To provide patients and surgeons with the support and information relating to voluntary recall of ASR hip implant, Johnson & Johnson India set up the ASR helpline in September, 2010 following a hip implant recall globally in August 2010. Independent Claims Processor, Puri Crawford Chennai was engaged as the official service provider in India to assist patients in reimbursement of reasonable and customary costs for testing and treatment including revision surgery, if required as well as other out-of-pocket expenses.
"In line with Our Credo, we are committed to addressing patient costs for recall-related testing and treatment, including revision surgery for ASR patients who may require it. Not all ASR patients require the revision surgery. All those who have registered on the ASR helpline are being monitored in a proper manner," said Sushobhan Dasgupta, managing director, Johnson & Johnson Medical India.
From the time of the recall, Johnson & Johnson has supported ASR patients in India with a reimbursement programme for their medical costs, including revision surgery where necessary.
The company encourages all ASR patients in India to register with this programme (0008006501713 for TATA subscribers; 0008006500226 for Airtel subscribers; or +91-44-42144842). It is to make sure as many ASR patients in India as possible are aware of the recall and understand the support available to them.
Patient outreach efforts in India
According to a J&J Spokesperson, "ASR patient data is available only from surgeons and hospitals. DePuy Orthopaedics Inc has been actively requesting that surgeons and hospitals to reach out to their ASR patients and register on the ASR helpline. DePuy is committed to the wellbeing of ASR patients globally." DePuy Orthopaedics Inc is a subsidiary of Johnson & Johnson Medical equipment business and manufacturer of the ASR XL Acetabular Hip Replacement System.

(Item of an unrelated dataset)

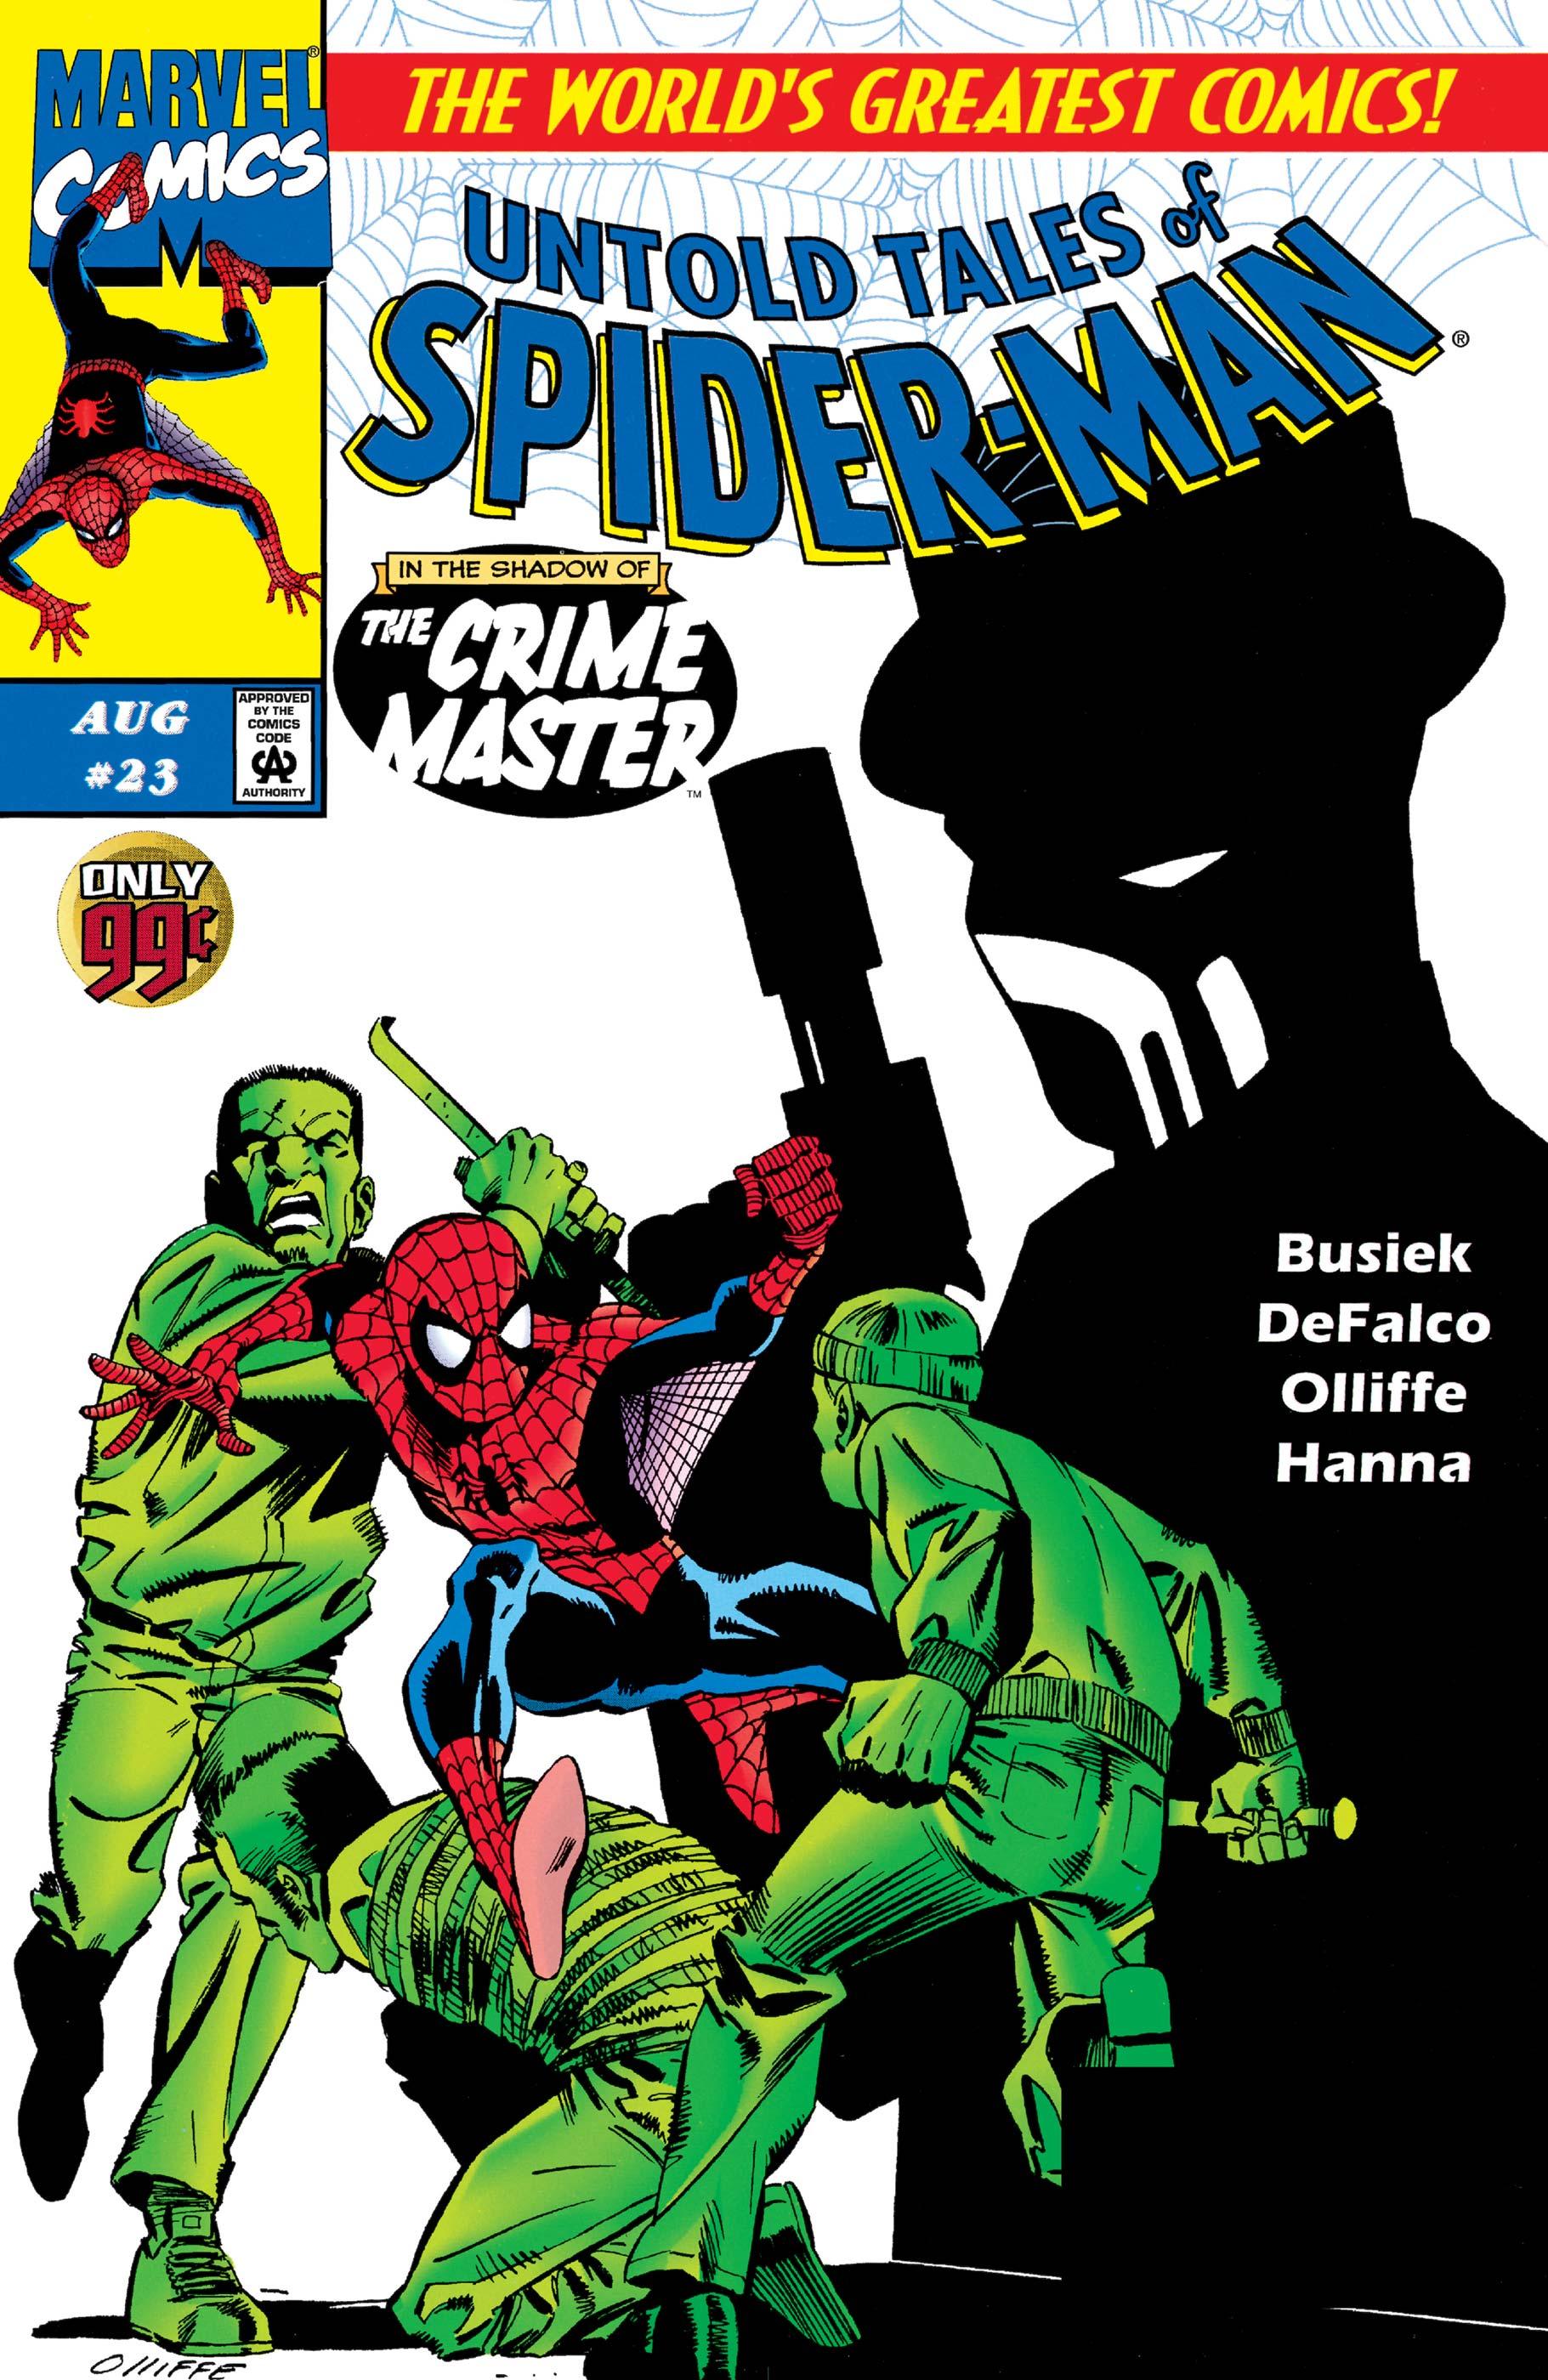 Untold Tales of Spider-Man (1995) #23

As efforts to support ASR patients and their surgeons remain a priority, DePuy provided ASR website specific to India which provides detailed information regarding the recall for both patients and surgeons, including online access for surgeons to the ASR resource guide available via http://asrrecall.depuy.com/india or http://66.132.135.152/india.html
DePuy also provided an ASR resource guide containing information about the recall and reimbursement programme that was sent to all surgeons in India who implanted the ASR Hip System. The guide outlined the comprehensive patient reimbursement process and how patients should register at the ASR helpline. The company has appointed laboratory partner - Super Religare Laboratories (SRL) to enable “cashless” testing for patients. SRL is an independent healthcare services company in India, to assist patients and surgeons with tests related to the ASR hip implant. Confirmed ASR patients will not be required to pay for pre-qualified tests related to the evaluation of ASR hip implants at SRL.
DePuy has also hired third-party firms twice to help surgeons and hospitals across India to reach out to ASR patients and encourage them to register through the ASR helpline. DePuy has sent reminder letters to surgeons and hospitals about the recall and reimbursement programme, to encourage them to continue to reach out to patients. Communication was also sent to notify surgeons and hospitals on any updates including the third party outreach efforts. The last such communication was sent in June 2015.
As per Maharashtra Food and Drugs Administration Report (FDA), Over 4000 ASR hip implant surgeries were performed in India using ASR implants from May 2004 to August 2010 before the global voluntary product recall. Thousands of people across the US have received the DePuy ASR hip replacement system between 2005 and 2010, when it was finally recalled.
In August 2010, DePuy Orthopaedics Inc - UK based manufacturer issued a worldwide voluntary recall for the ASR XL Acetabular Hip Replacement System after data from the National Joint Registry of England and Wales showed that 1 out of every 8 patients (12-13 per cent) who had received the devices had to undergo revision surgery within five years of receiving it.